By using different approaches to recording and communicating, all pupils can share their science, which means that teachers can access learning through assessment and use outcomes to plan next steps.
Key scientific vocabulary is shared with pupils the expectation that these words should be learned. A pupil’s ability to use scientific words appropriately is an indicator of understanding of knowledge and skills. Teachers use a pupil’s ability to use key words as part of assessment for learning, listening for how the words are used and, if necessary, asking follow-up questions to check depth of understanding.
Pupils develop their knowledge and skills through a series of planned activities linked to the curriculum which build on previous and personal knowledge. To assess the impact, teachers evaluate the knowledge and skills that pupils have gained against the original expectations of activities (the intent). This is indicated by the outcomes assigned to each activity. What and how well pupils have achieved will be accessed through using a range of approaches to assessment for learning.
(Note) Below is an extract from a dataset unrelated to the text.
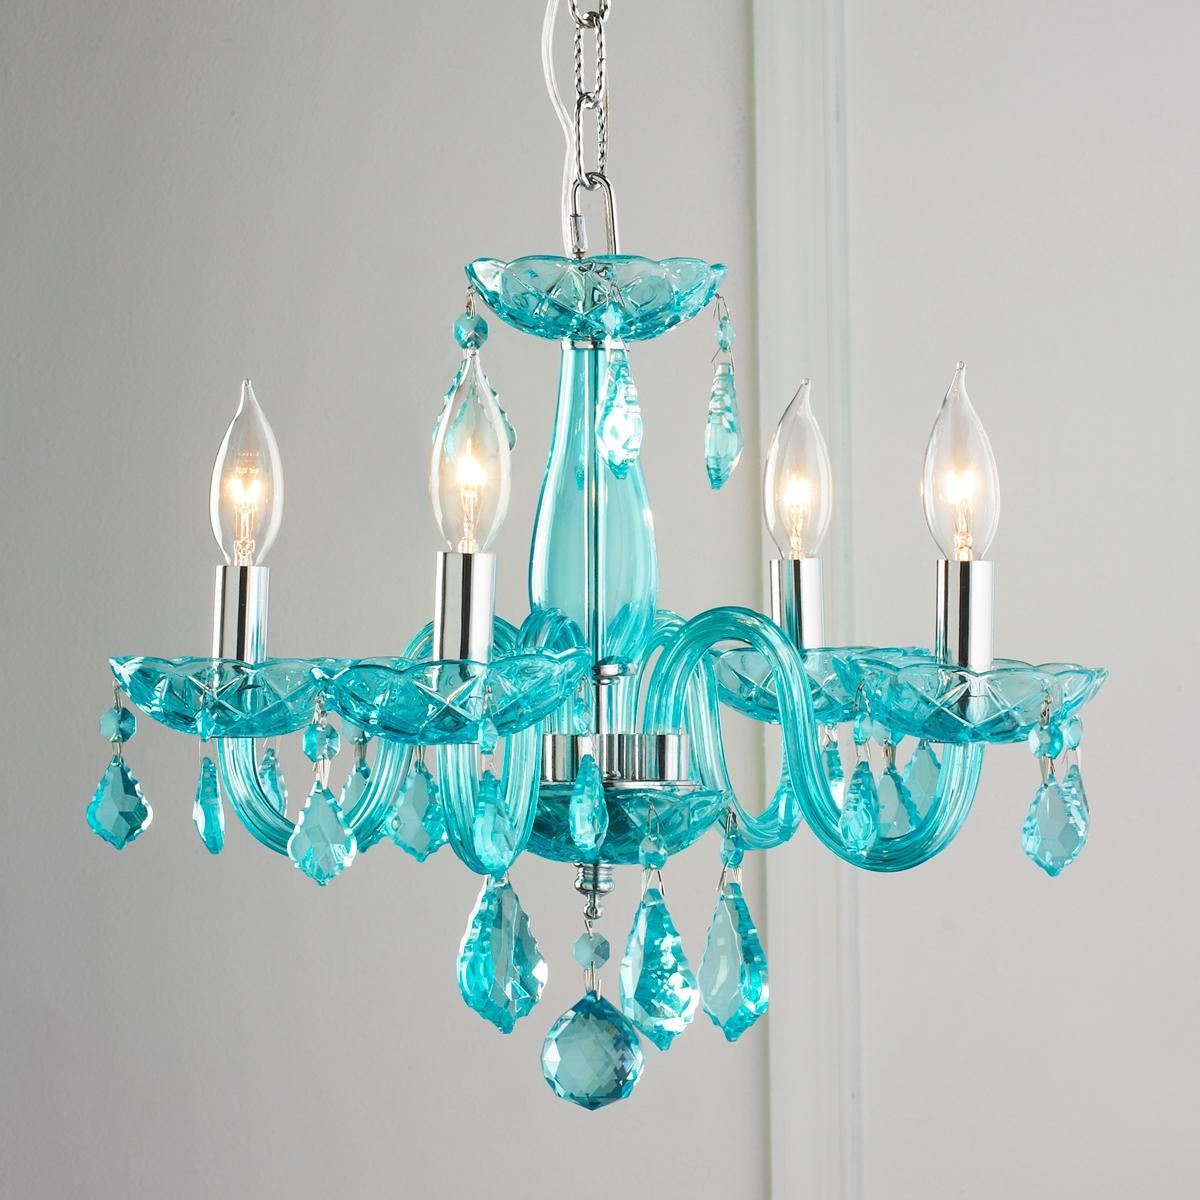 Color Crystal Mini Chandelier Mini Chandelier Ceiling Canopy Pertaining To Turquoise Blue Glass Chandeliers (View 4 of 25)

It is important that assessment supports a pupil’s journey through the science curriculum to ensure appropriate outcomes for each individual.
Assessment is an integral part of activities. The learning objectives at the beginning of each activity show the intention for learning and these are then used as the basis for assessment, the criteria for which are outlined in the assessment section, split into subject knowledge and working scientifically.
Assessment statements are differentiated so that our teachers can assess the progress of different groups in their classroom, suggesting how the teacher could assess pupils. Teachers consider what to look for when carrying out a formative assessment and consider next steps for pupils.
Teachers observe children working, listen to their discussions and use questions to probe understanding and reasoning, alongside their writing and other products such as video clips, models and role play activities.
As pupils progress through the primary years, self and peer assessment is another approach to complement our teacher assessment. Not only does this develop a pupil’s ability to reflect on their own learning, it also provides teachers access to how well pupils perceive their learning to be progressing and why. A feature of our planning is the application of ‘Working Scientifically Skills’ and ‘Knowledge and Understanding’ through regular problem solving activities. Challenging pupils to apply their learning in new contexts provides opportunities for them to further embed ideas and skills. Assessing how pupils respond to applying their knowledge and skills is an indicator of how successful their leaning has been.